▸ **Work required**: Return only the stretch of the material below that begins with the line containing "Tyringe railway station. Stock Photo" and ends with the line containing "Star Wars Rainbow Rebel Roses Girls T-Shirt", exactly; both of those lines belong to it.

▸ **Material supplied**:
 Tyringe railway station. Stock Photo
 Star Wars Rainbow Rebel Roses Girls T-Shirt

* * *

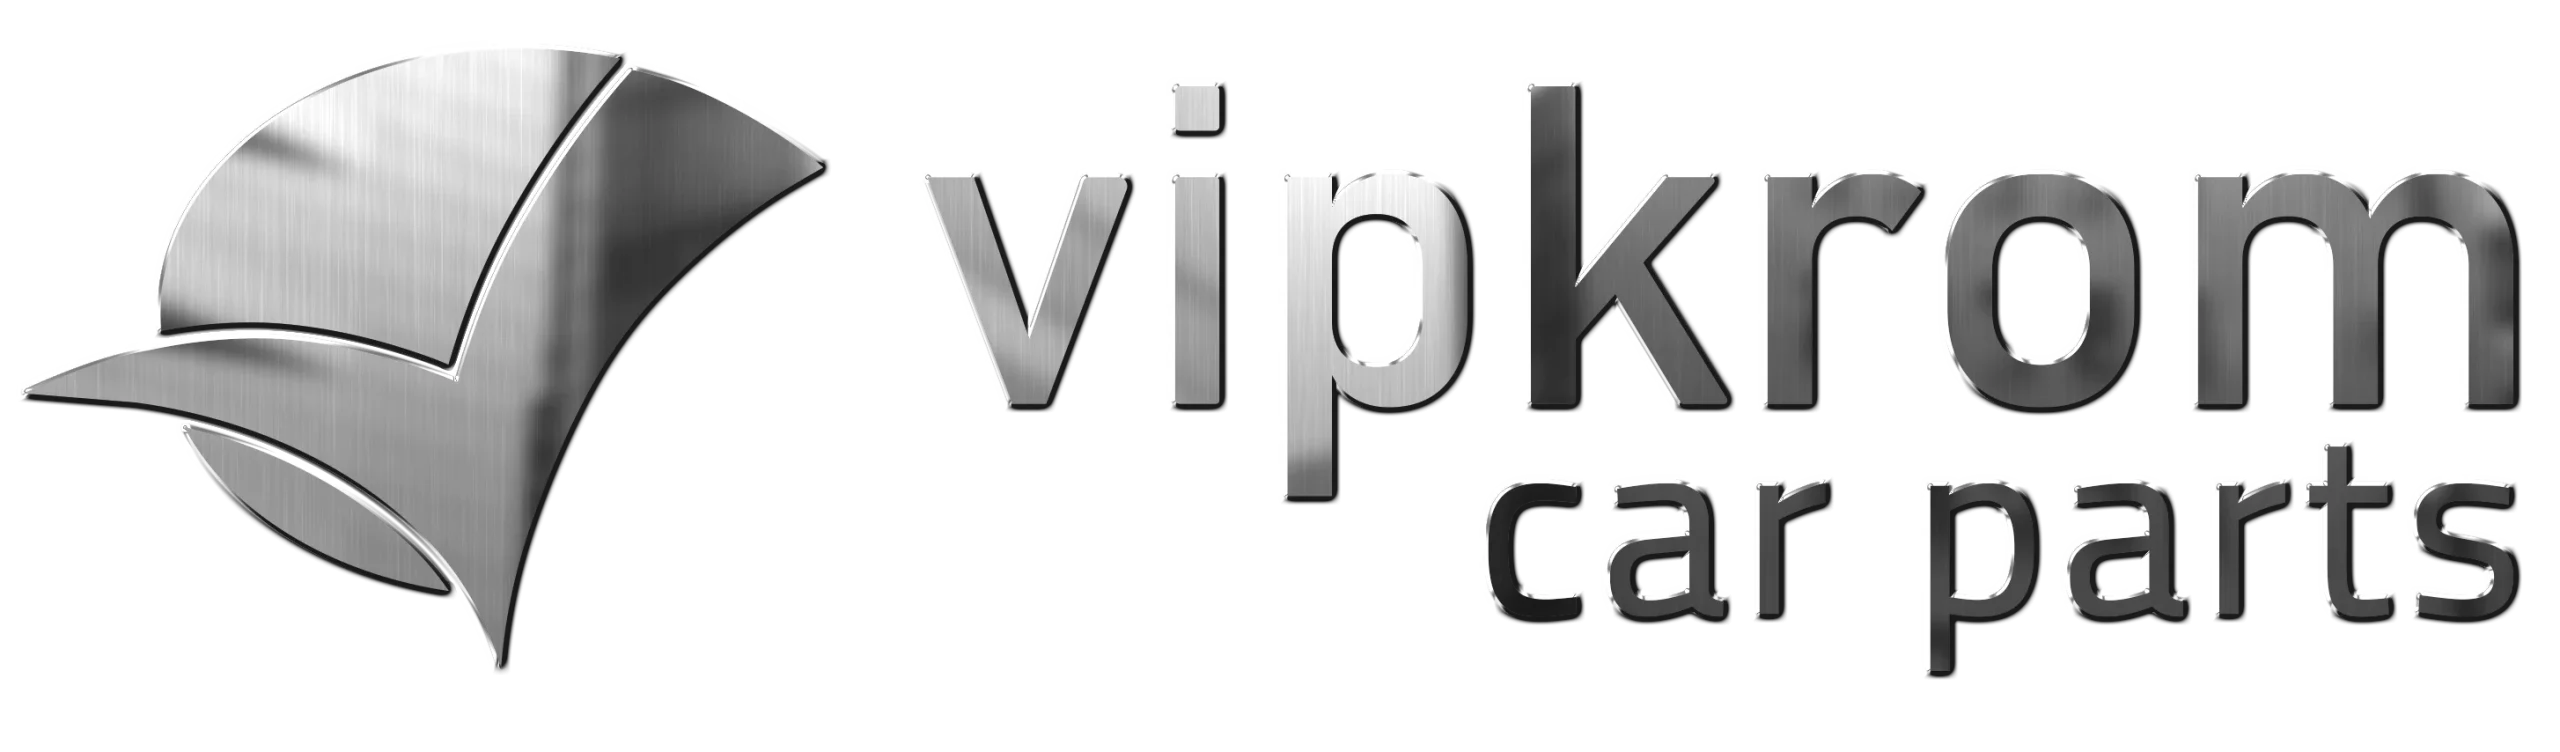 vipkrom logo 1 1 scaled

▸ **Problem solution**:
 Tyringe railway station. Stock Photo
 Star Wars Rainbow Rebel Roses Girls T-Shirt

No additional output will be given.